The qualities of form are particularly important in Picasso’s female portraits. One of the recurring tropes – that has its basis in Picasso’s cubist experiments of the 1910 – is a simultaneous presentation of both face and profile. In some paintings this is exaggerated, as in the 1931 Marie-Thérèse, face et profil (fig. 9) where the palette focuses attention of form, emphasising the duality of the artist’s presentation. In the present work, the colour similarly accentuates form but to very different effect. In Buste de femme accoudée, gris et blanc there is a glorious tonal range with the greys building and fading across the composition; this results in a chiaroscuro that is rarely seen in Picasso’s other work of this period. It imbues the work with a three-dimensionality that deliberately connects it to Picasso’s celebrated sculptures of Walter in the early 1930s and anticipates his sculptures of Maar in 1941 (figs. 10 & 11).

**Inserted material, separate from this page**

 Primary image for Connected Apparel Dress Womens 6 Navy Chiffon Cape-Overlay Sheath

The fine handling of light and dark, and the overall framing of the composition suggests that Picasso may also have been thinking about photographic techniques when he painted this picture. Maar – already an established Surrealist photographer when she met Picasso – had introduced the artist to photography, teaching him how to use different cameras. When he started on his 1937 masterpiece Guernica she both worked as his assistant and produced a photo-documentary of the work in progress. A heightened awareness of photographic imagery may have influenced the composition of this monumental painting; the episodic passage of images across the composition has the cinematic quality of a newsreel or a photo-montage and is all the more powerful for the immediacy this conveys. Looking at Buste de femme accoudée, gris et blanc – painted only a year later in 1938 – it is hard not to think similarly of the black and white studio photographs of matinee idols that were commonplace at the time.

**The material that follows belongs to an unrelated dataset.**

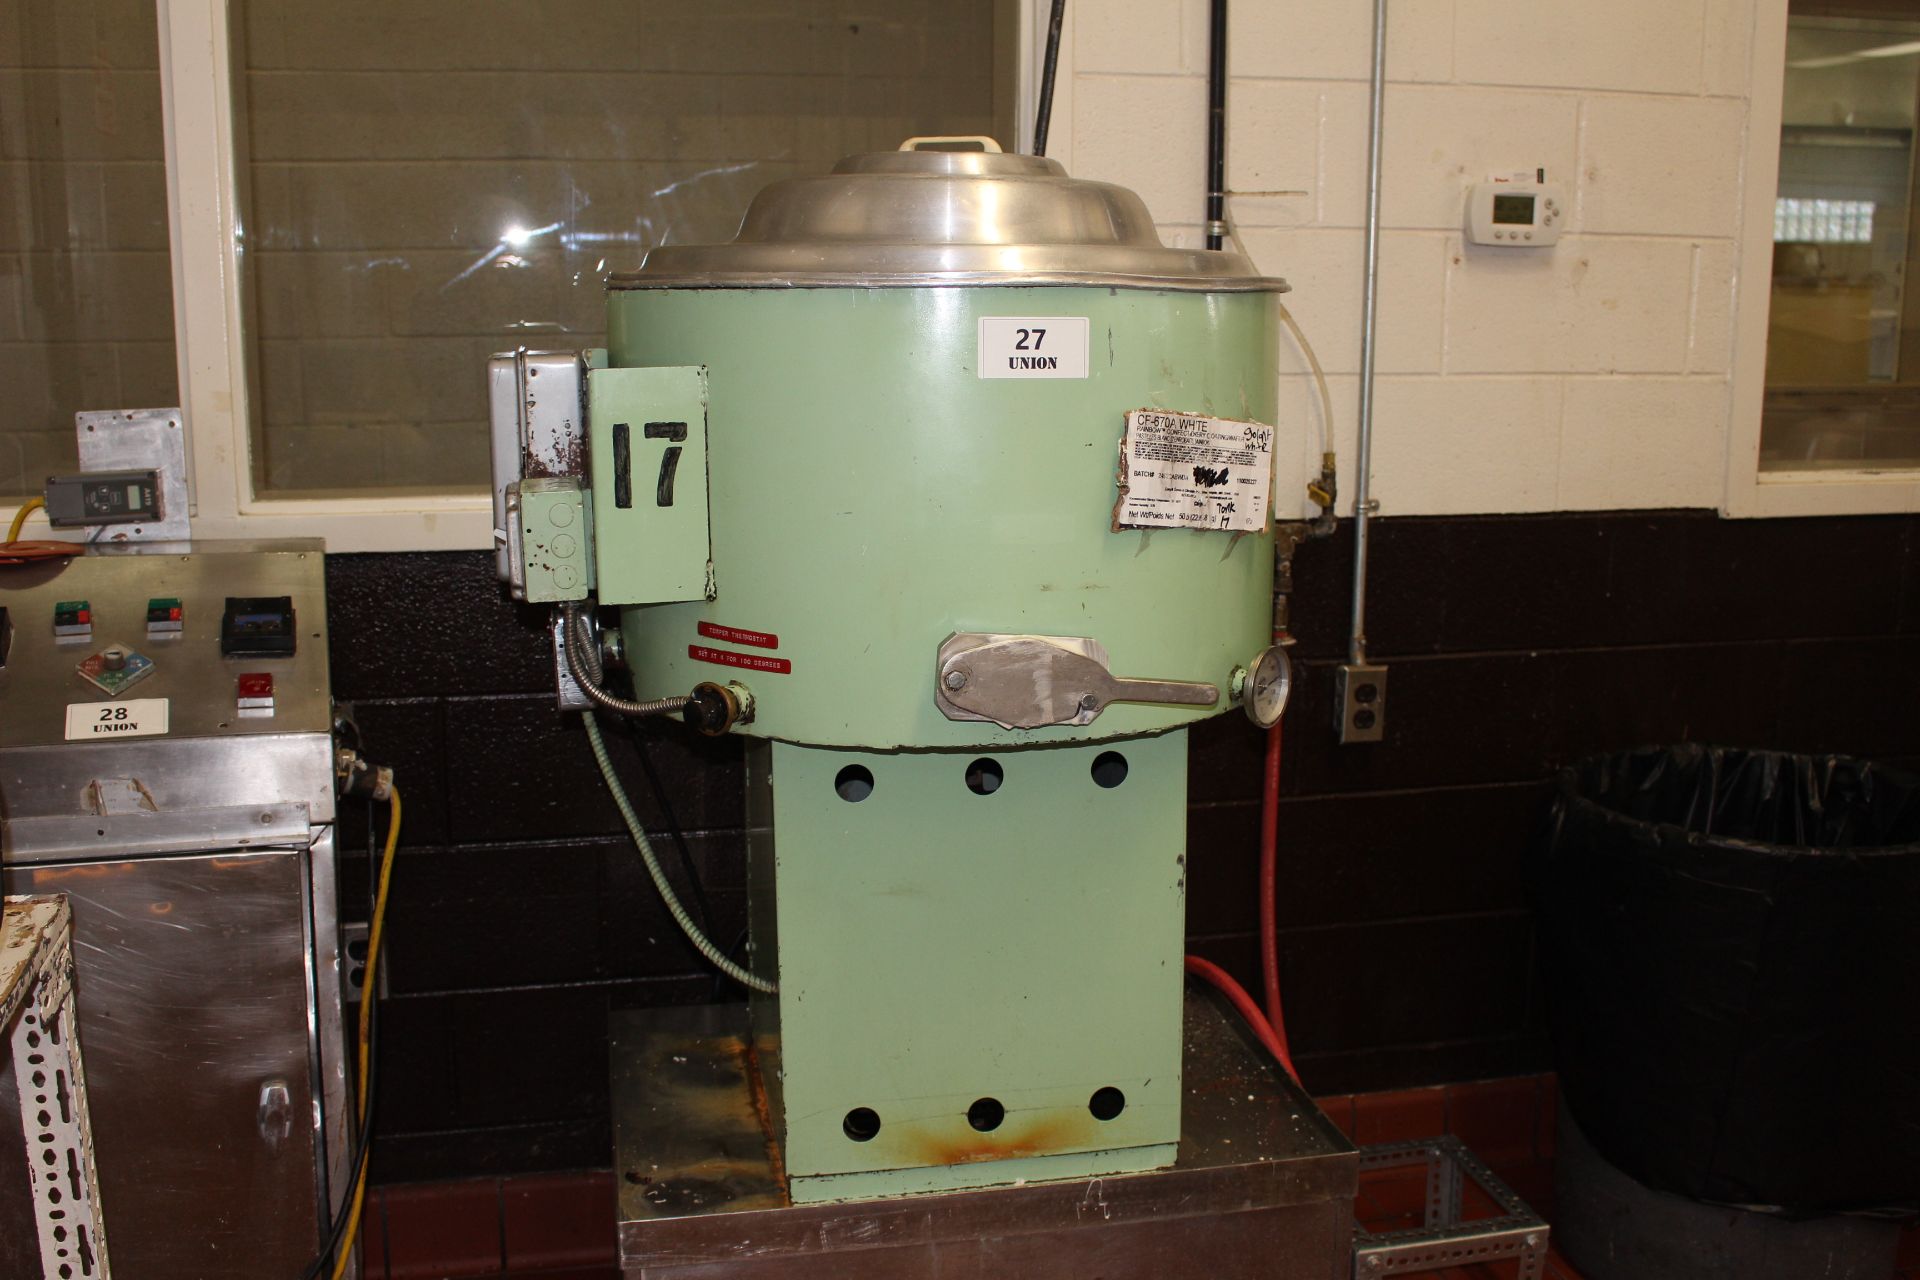 Asset 27 - Elsighorst 250 lb Chocolate Melter, water jacketed and agitated tanks with electric

If the 1930s was a decade of contrasts, then Buste de femme accoudée, gris et blanc might very well be considered emblematic of the decade in the way that it acts as a fulcrum for the many opposing forces in the artist’s life, and particularly the two women who occupied the artist’s thoughts and imagination over the course of those years. In capturing them simultaneously in a single image, as Picasso does here, he adds a temporal quality to the picture – placing it in a precise moment when both women held equal sway. So like many of Picasso's best paintings, Buste de femme accoudée, gris et blanc acts as his diary, offering a unique and revelatory insight into the artist's life.